MaxSCN reader/writer 는 relay 에 들어간 이벤트안에서 볼 수 있는 가장 높은 SCN 인덱스의 값을 지속(persist) 시킨다. (= relay 안의 이벤트 인덱스 관리자 정도 되는 듯)

relay 는 Netty 채널에 수신된 요청 프로세서(Requet Processor)를 통해 Databus Client 의 요청을 받아 들인다. relay 는 evnet pull 과 relay manage 를 RESTful 인터페이스로 노출한다.

만약 이벤트 버퍼의 컨텐츠가 메모리 맵에 설정되면, relay 이벤트가 재시작에 의해 보존 되도록 SCN 인덱스 및 종료에 대한 메타 데이터를 저장합니다.

Event Buffer Design 에 대한 페이지를 보시라.

Database Event Producer

Database Event Produver 는 정기적으로 Databus source 안의 기본 Oracle Database 변화를 조사한다. ( Mysql 은???? ) 만약 변화를 발견하면, 소스안의 모든 변화된 rows 를 읽고 Avro 데이터로 변환한다.

JDBC RowSets 로 부터 변환된 AvroRecords 는 Schema Registry 안의 Avro Schemas를 기반으로 자동으로 저장을 수행한다.

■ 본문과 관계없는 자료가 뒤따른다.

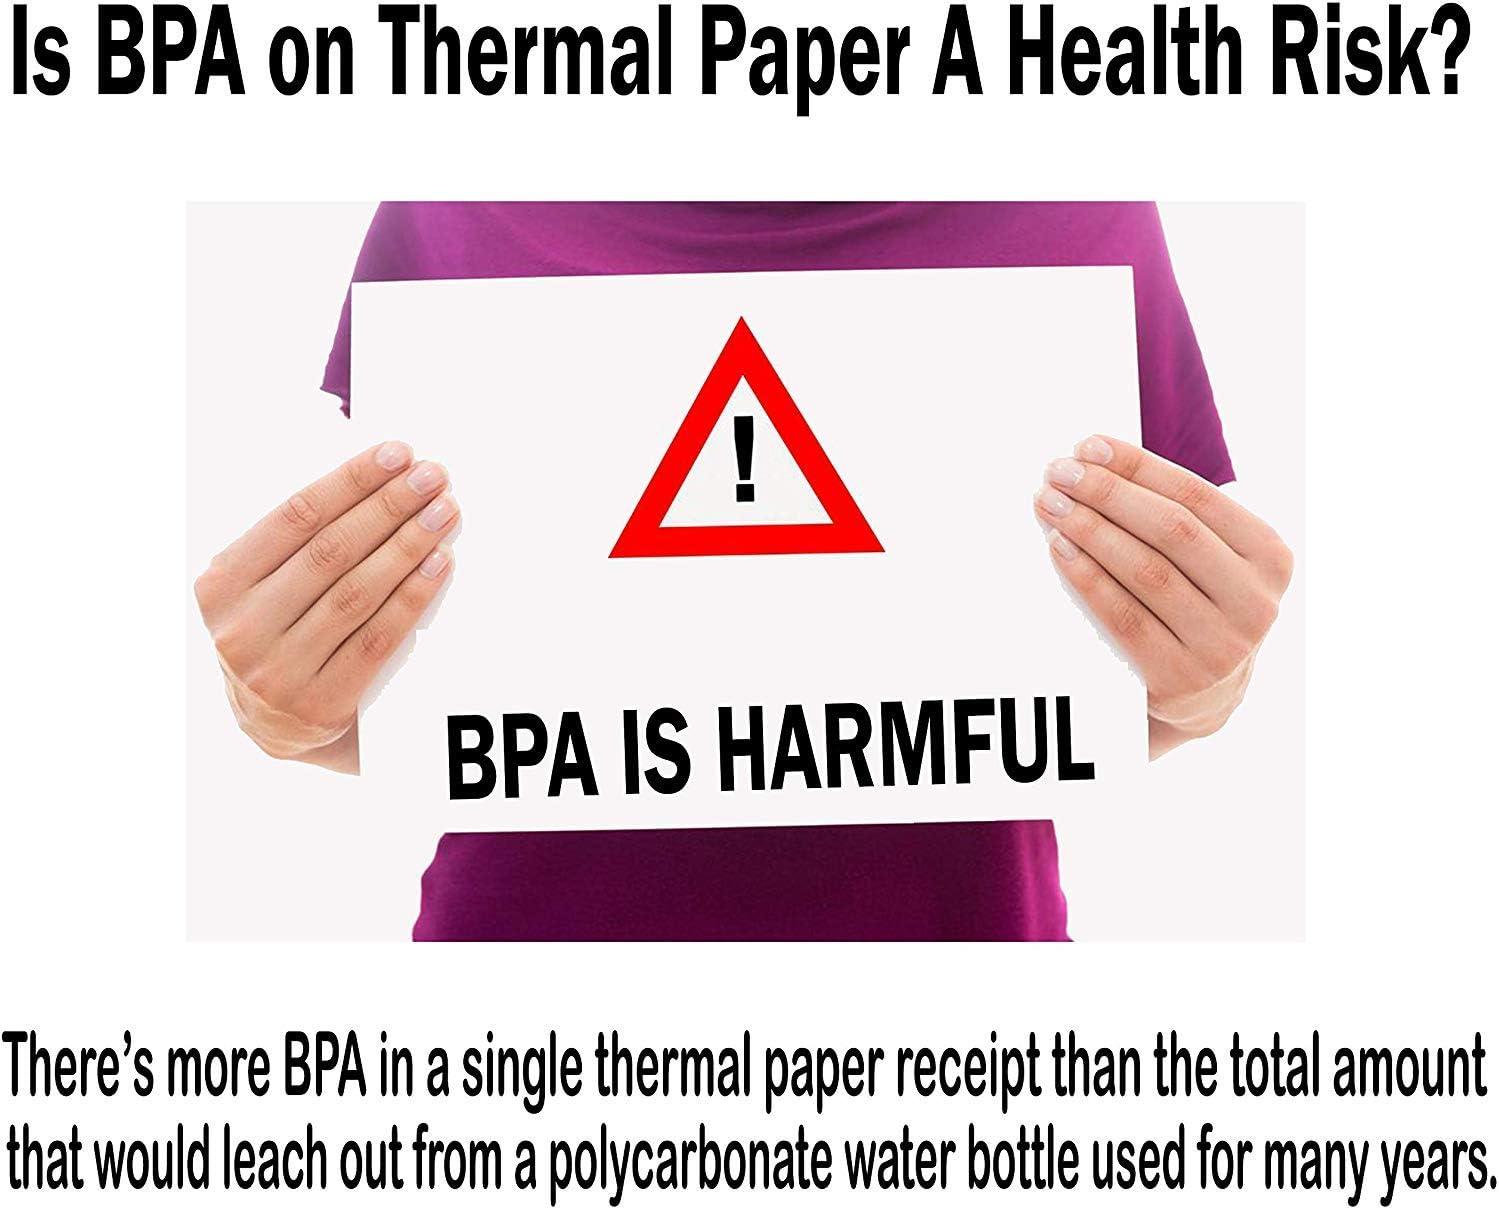 POS//Cash Register Thermal Paper Rolls 2 1//4 x 200-50 Rolls 50 CBM 291 2 1//4 x 200 Thermal Paper Rolls Citizen POS Register Printer : CBM 262

Schemas 는 Databus sources에 대한 Oracle schema에서 자동으로 생성되어진다. (linkedin databus test2 - relay 에서 실행한 결과를 보면, distributions/schemas_registry 에 자동으로 생성되어 있음. com.linkedin.databus2.schemas package 확인해야함 !)

Avro 레코드는 데이터버스 관련 메타 데이터 및 avro 레코드의 바이너리 직렬화 데이터와 데이터 페이로드를 포함하는 Databus Event 로 직렬화된다.

AbstractEventProducer class 는 event producer 개발을 위해 프레임웍을 제공한다. txlog 테이블을 포함하도록 수정하고 txlog 테이블을 업데이트 트리거 된 Oracle 데이터베이스에서 읽는 동안 OracleEventProducer는 DbusEvents를 생성합니다.

MaxSCN Reader/Writer

MaxSCN Reader/Writer 는 Database Event Producer 의 진행사항의 추적을 유지하기 위해 사용된다. (DBEP) reader 는 DBEP 의 시작학하는 동안 사용된다. 시작 SCN이 지정되어 있지 않은 경우, 하나는 마지막으로 남은 곳에서 부터 DBEP 계속할 수 있도록 리더를 사용하여 읽을 수 있습니다.

업데이트의 각 배치는 DBEP 로 부터 읽고 relay event buffer 로 저장한 후, DBEP store 는 MaxSCN 을 이용하여 마지막 처리된 SCN 위치를 저장한다.

현재, MaxSCN reader/writer 는 SCN 로컬 파일에 저장한다.

5984592768094:Thu Dec 13 00:54:07 UTC 2012

또 다른 구현은 RDBMS 나 Zookeeper 를 사용할 수 있다.

Rest Interface

See Databus V2 Protocol

JMX

JMX 는 Jetty container 기본으로 제공한다.

relay 모니터링을 위해 다영한 MBeans 를 노출한다.

JavaDoc 을 보라

ContainerStatsMBean
DbusEventsTotalStatsMBean
DbusEventsStatisticsCollectorMBean

Schema Registry

schema registry 는 Databus 에 알려진 모든 데이터베이스 테이블의 스키마를 가진 패키지이다.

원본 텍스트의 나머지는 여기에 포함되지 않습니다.